I was curious how to read file contents as charlist and I found:

{:ok, pid} = File.open("mix.exs", [:charlist])
IO.inspect IO.read(pid, :all)
# Outputs: {:ok, 'defmodule ...'}
File.close(pid)

kip · January 25, 2021, 10:49pm

String.length/1 counts the number of graphemes, not code points. So definitely not the right tool for the job you are tackling.

I was surprised to see that \r\n is considered a grapheme cluster but it is according to the Unicode standard.

derek-zhou · January 26, 2021, 12:25am

If you just want size in bytes, there is byte_size/1. Also much faster than String.length/1.

bwanab · January 26, 2021, 12:35am

Blockquote
I was curious how to read file contents as charlist and I found:

{:ok, pid} = File.open("mix.exs", [:charlist])
IO.inspect IO.read(pid, :all)
# Outputs: {:ok, 'defmodule ...'}
File.close(pid)

Yes, that works, too. Thanks for the pointer.

That helps for me to understand the behavior, but I don’t think it helps with my underlying issue which is that I need to not consider the consecutive bytes of <<13, 10>> to be a single character. That’s why it seems that I need to have the data represented as a list of integers instead of as a binary string.

Eiji · January 26, 2021, 12:47am

I wrote that only to explain why this does not works for you. If you want us to give you a solution how to do something with binary then you need to be precise what you want to do with your data. A general tip would be linking to documentation of Kernel.SpecialForms.<<>>/1. This is really useful in pattern matching. If you have any questions regarding binary and any other data type feel free to ask.

kip · January 26, 2021, 12:49am

This is only treated as a grapheme cluster by the String module (since strings are unicode strings by definition). Even within the string module, String.codepoints(<<13, 10>>) returns what you are after.

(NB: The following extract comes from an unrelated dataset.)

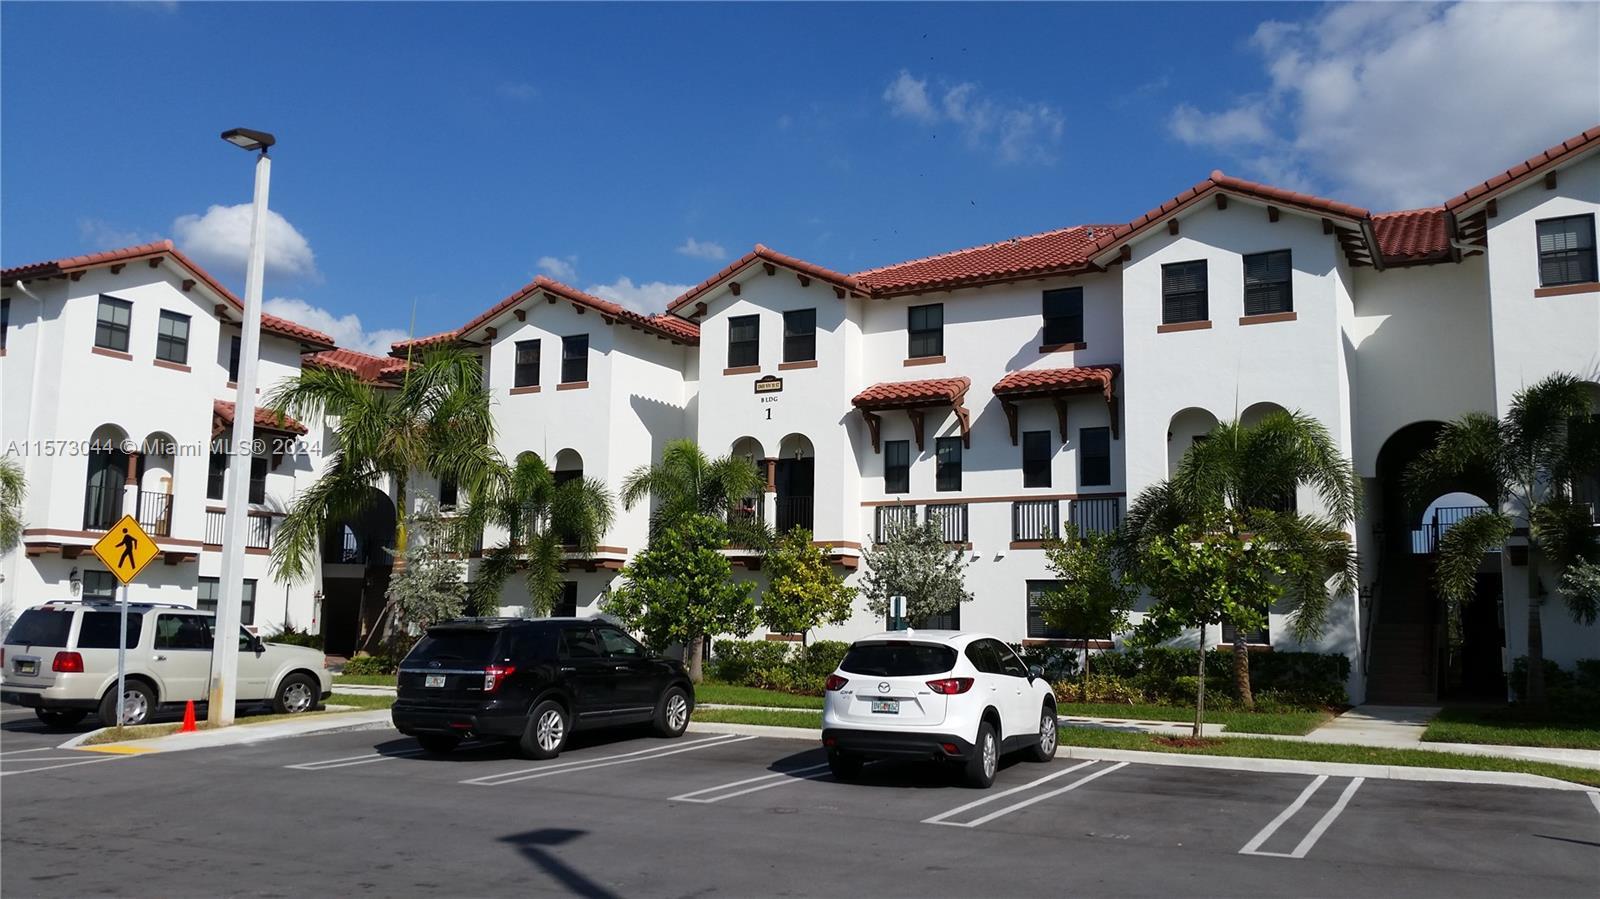 Photo of 10600 NW 88th St #218 in Doral, FL

As @eji pointed out, there is some very powerful binary pattern matches that are possible so if you’re able to share the shape of the data you are receiving and what you are trying to do with it I know forum members would be happy to help.

bwanab · January 26, 2021, 2:22am

Don’t think that I don’t appreciate your explanations - I do very much indeed. Let me experiment a bit with what you’ve given me thus far and I’ll ask more specific questions when I formulate them.

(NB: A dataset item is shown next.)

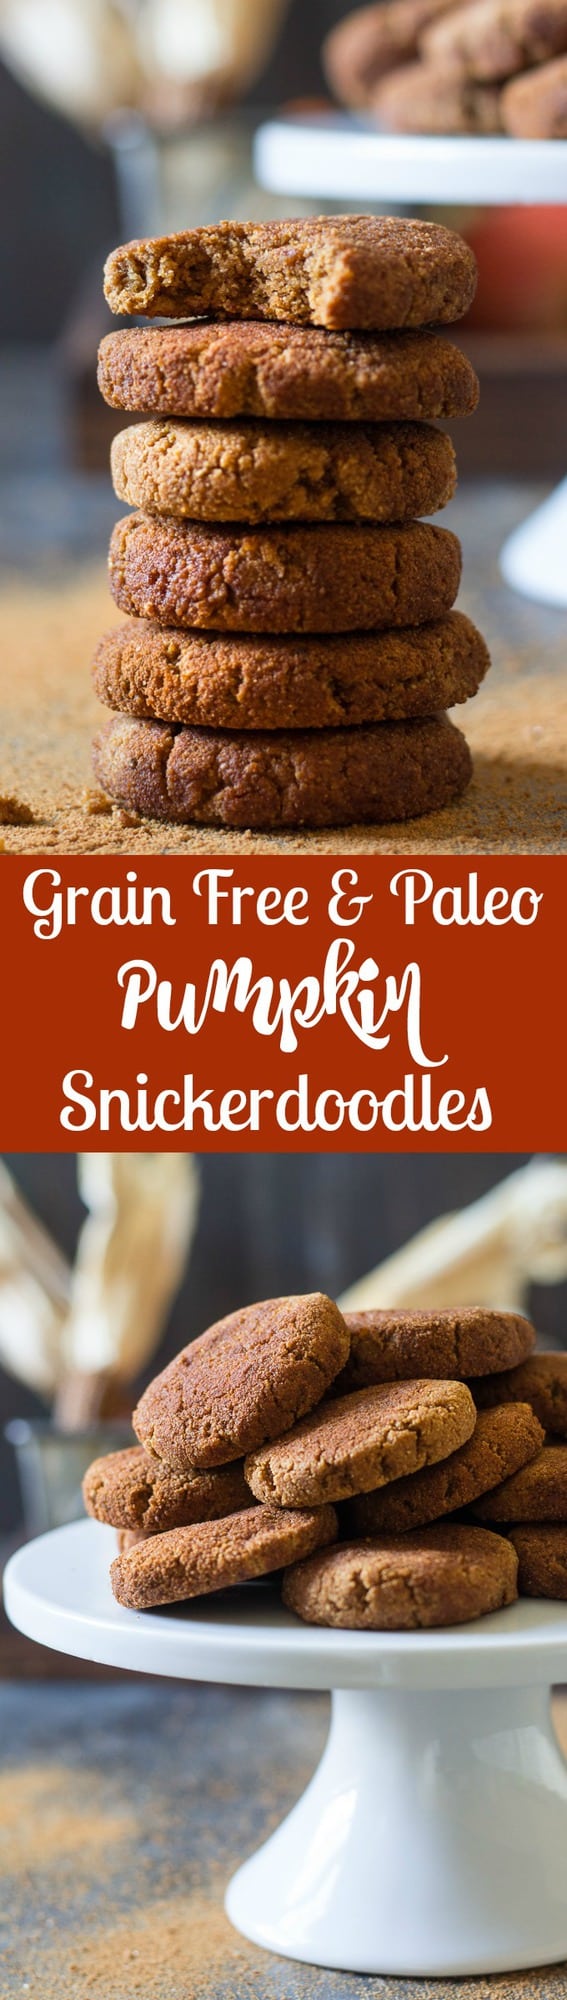 Super soft grain free and paleo pumpkin snickerdoodles that are super easy, kid friendly and packed with vanilla cinnamon sugar flavor! Gluten free, dairy free, refined sugar free and perfect for healthy holiday cookies!

Aetherus · January 26, 2021, 2:27am

Can you give us an example of the input binary and its expected output?

dimitarvp · January 26, 2021, 11:13am

But what are you trying to do exactly? So far this discussion has been a demonstration of the XY problem – you have a problem X and fixate on solution Y without telling us what X is.

I am joining @Aetherus in asking for an input and expected output.